* [Task objective]
A faithful copy is required: transcribe each line below exactly, minus the pictures.

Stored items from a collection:
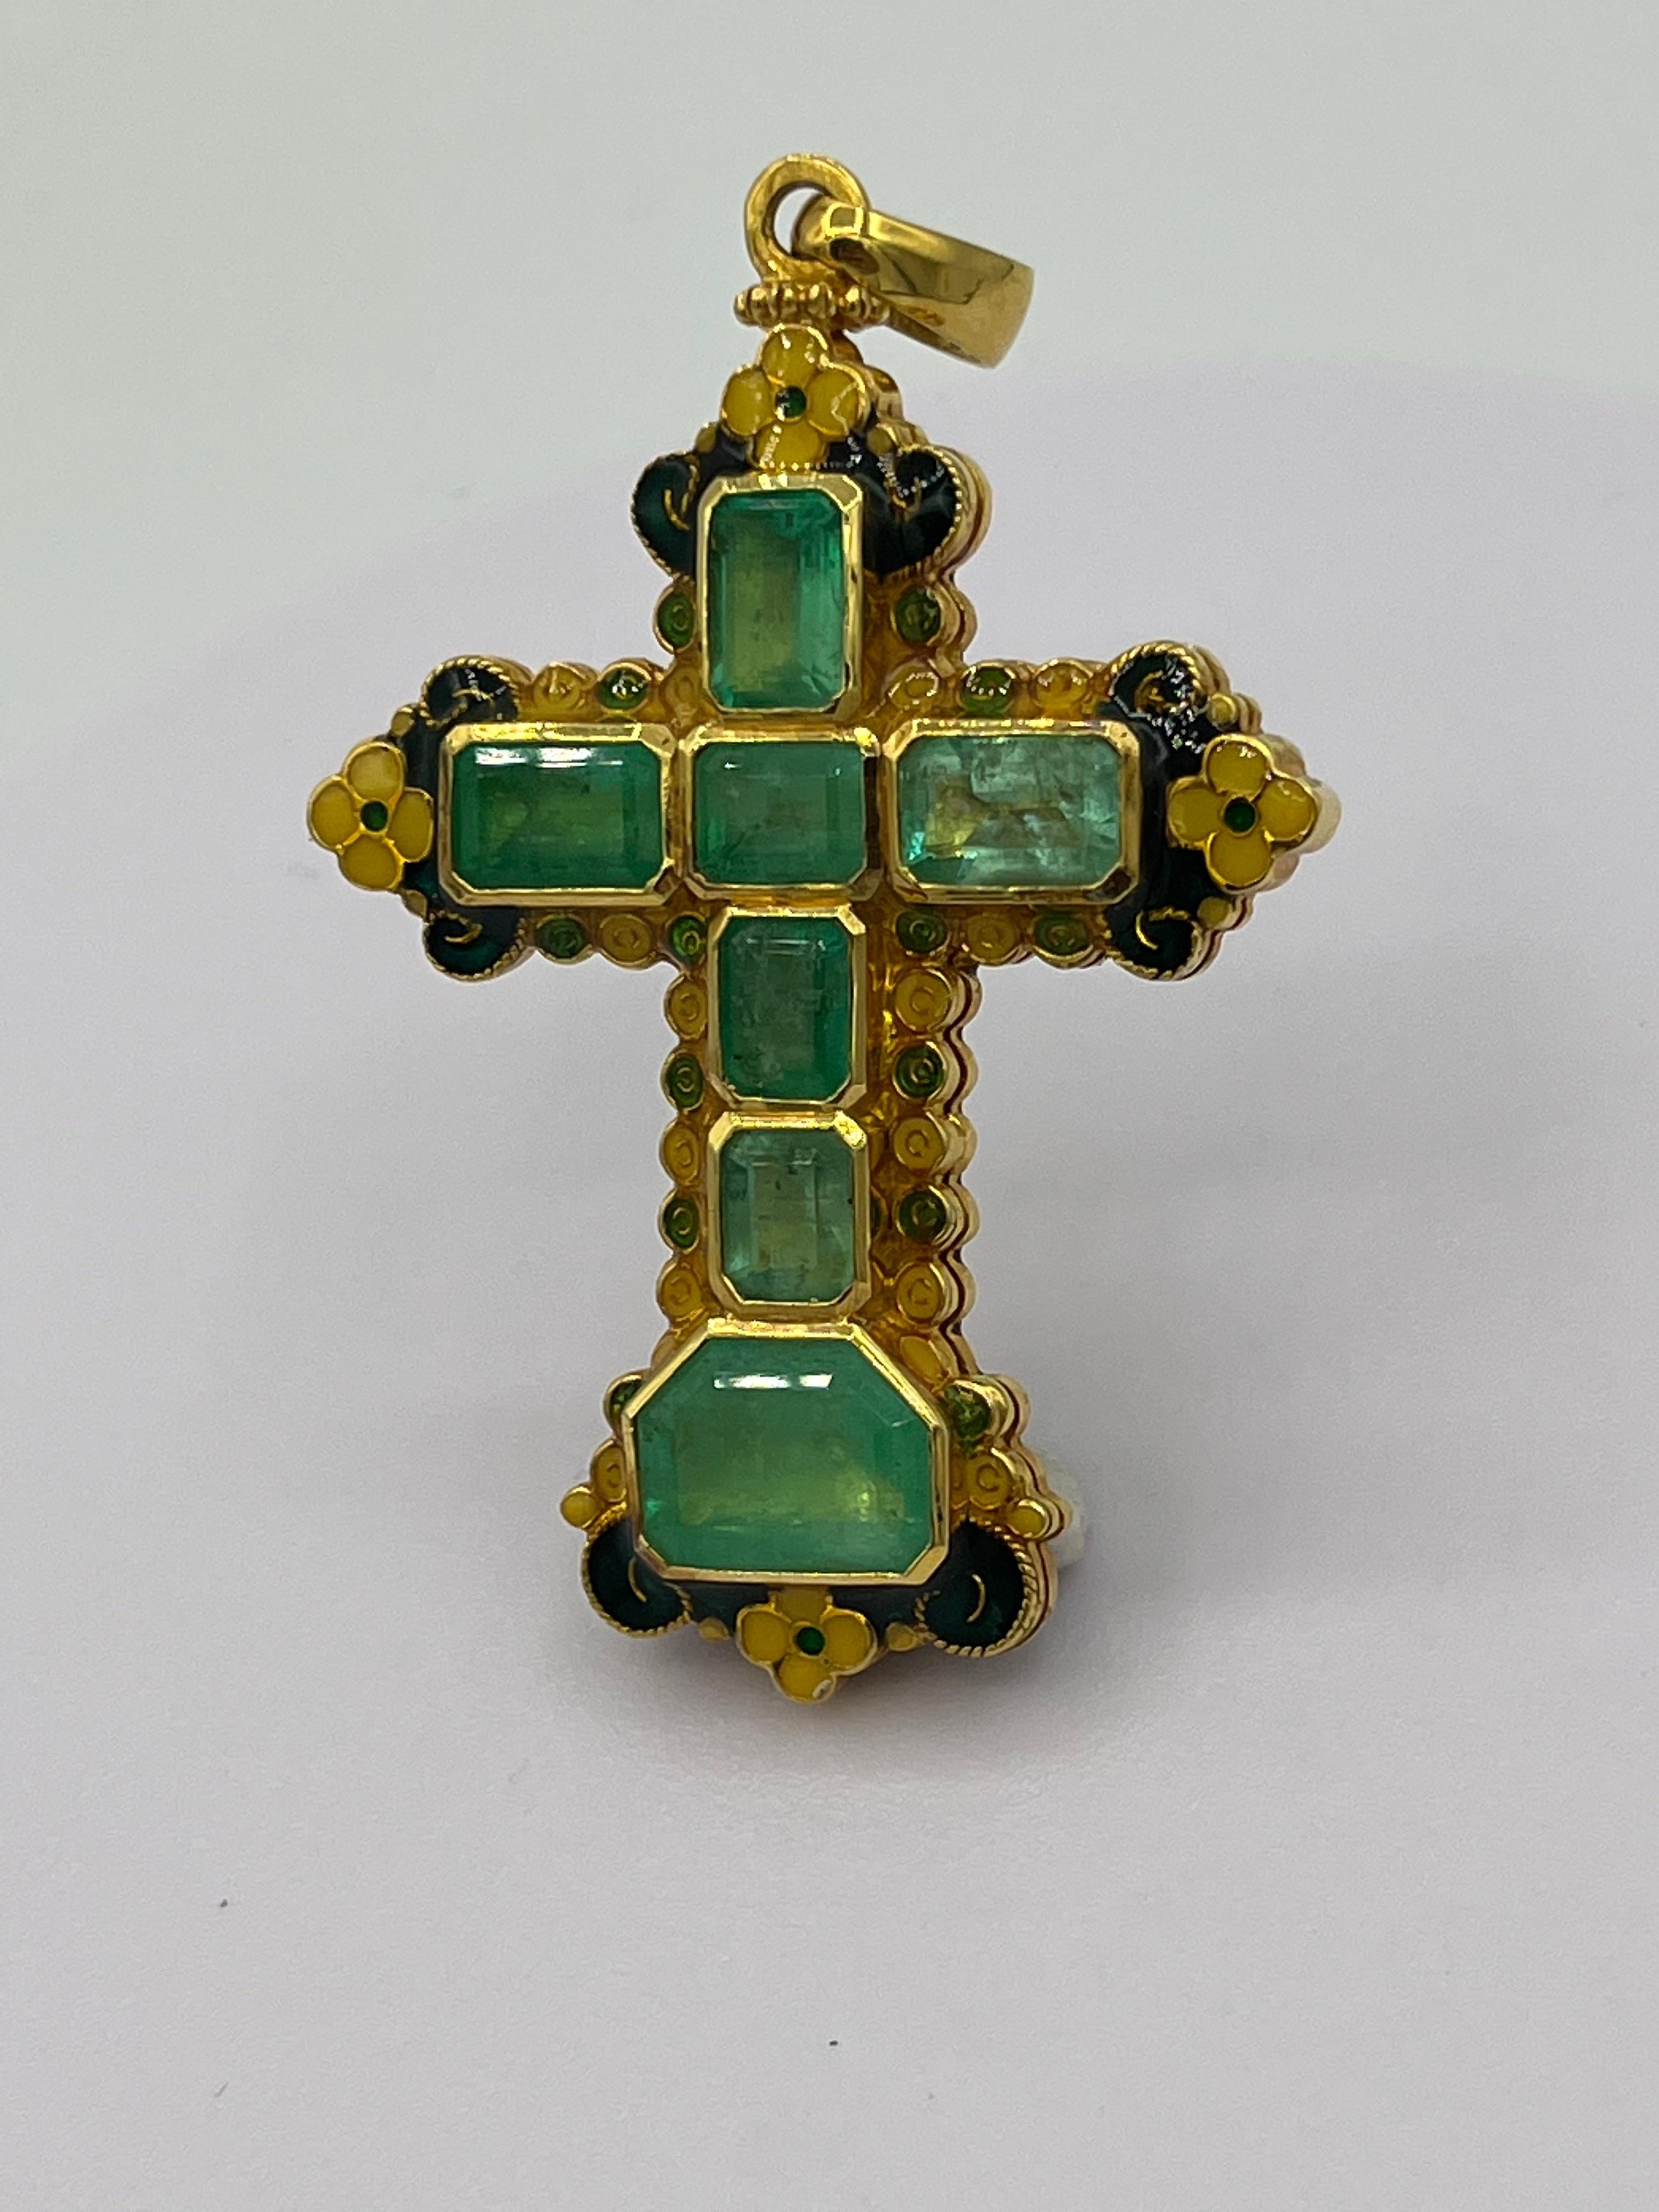 18 k yellow gold
13,60 ct emerald 
enamel
35,6 gram
65 mm x 40 mm
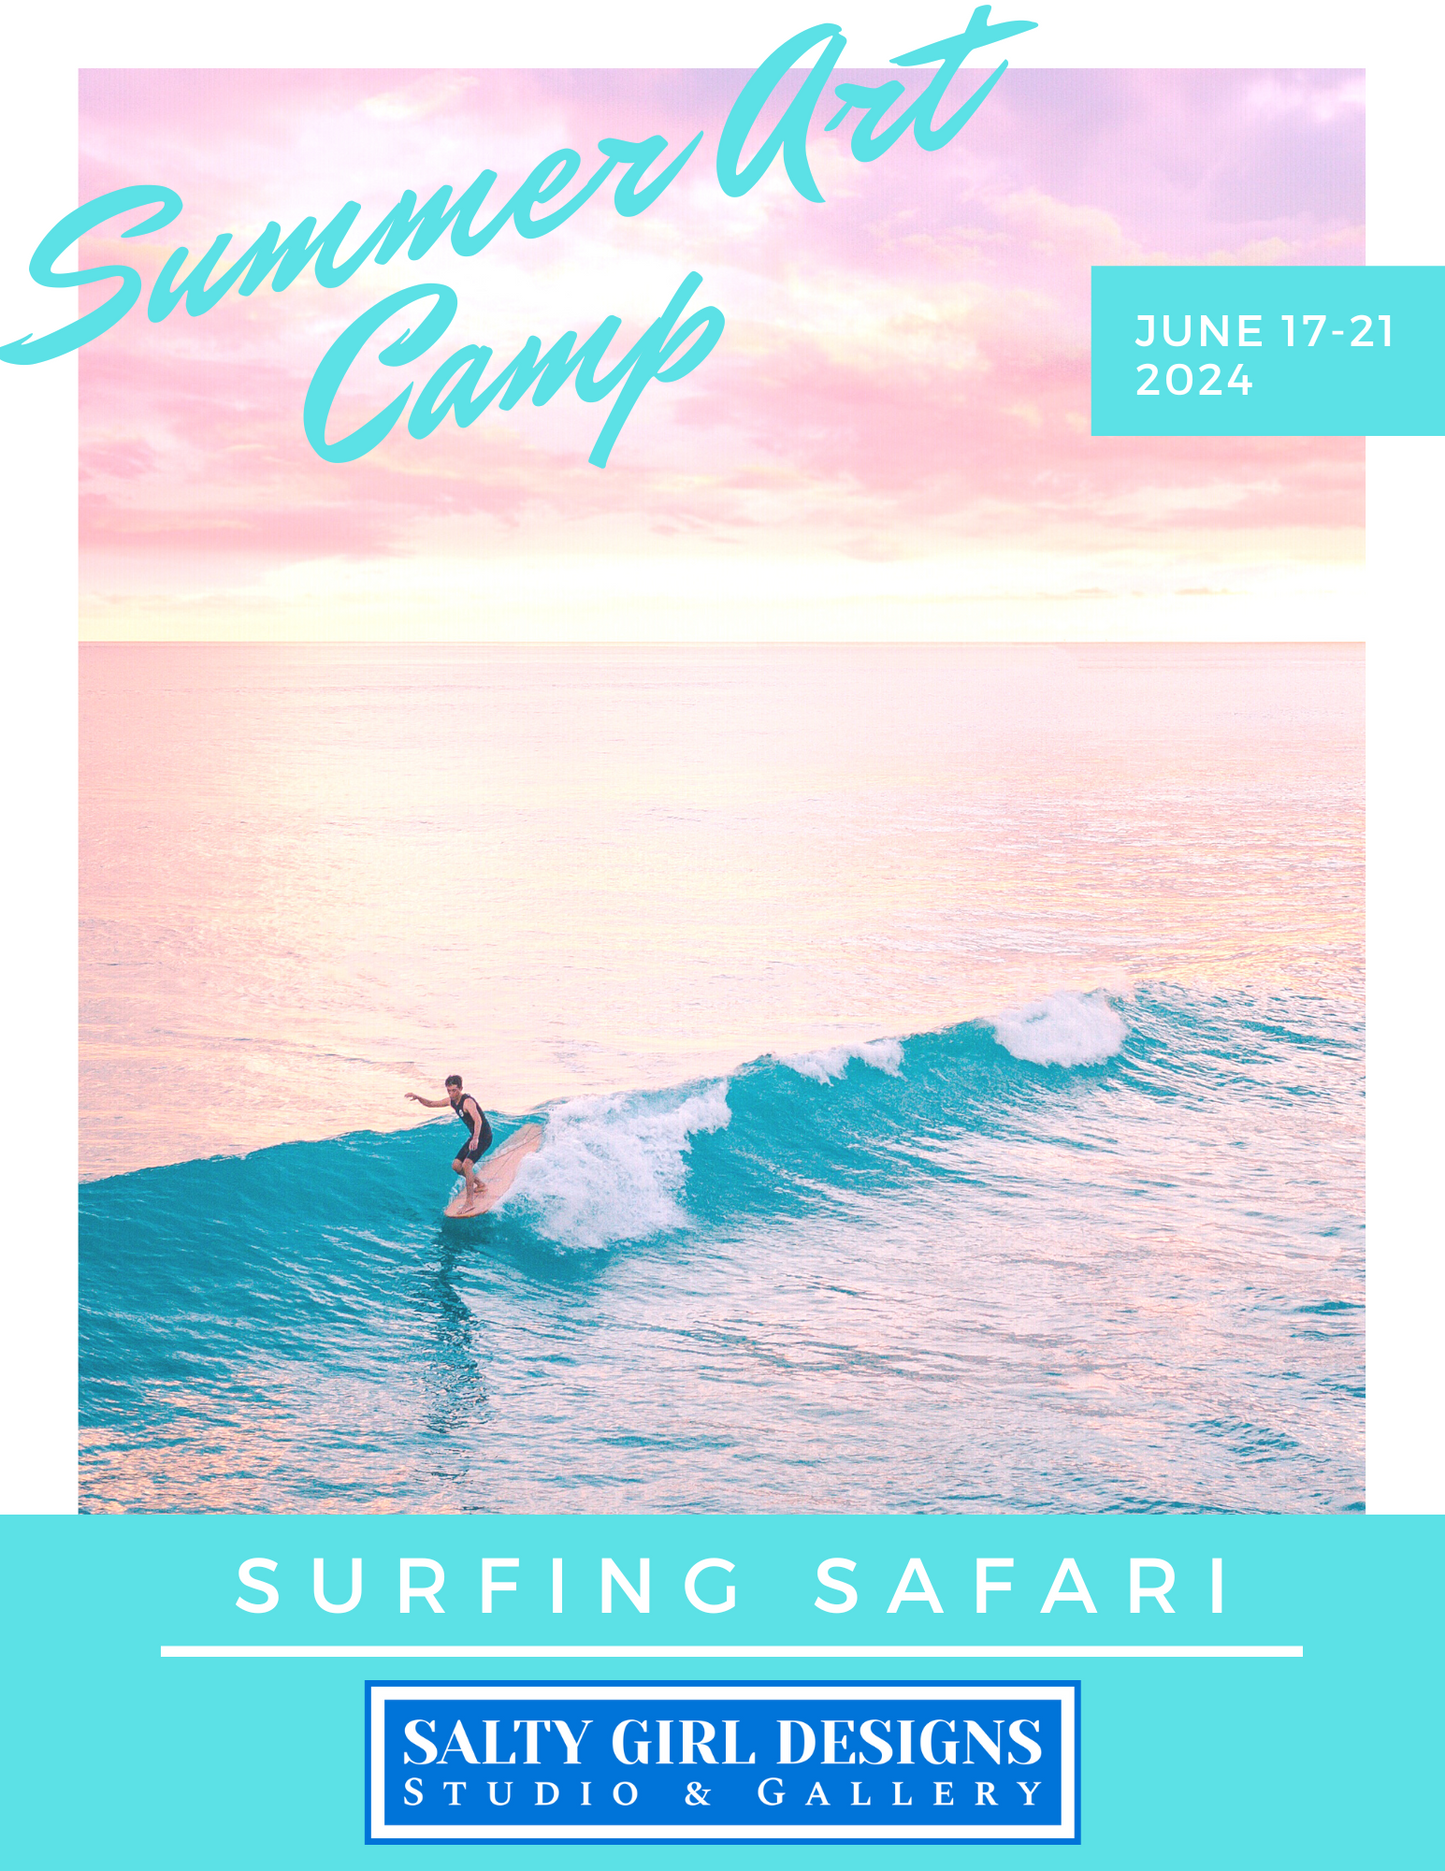 Surfing Safari, Summer Art Camp, June 17-21

* [Response to this task]
 18 k yellow gold
13,60 ct emerald 
enamel
35,6 gram
65 mm x 40 mm
 Surfing Safari, Summer Art Camp, June 17-21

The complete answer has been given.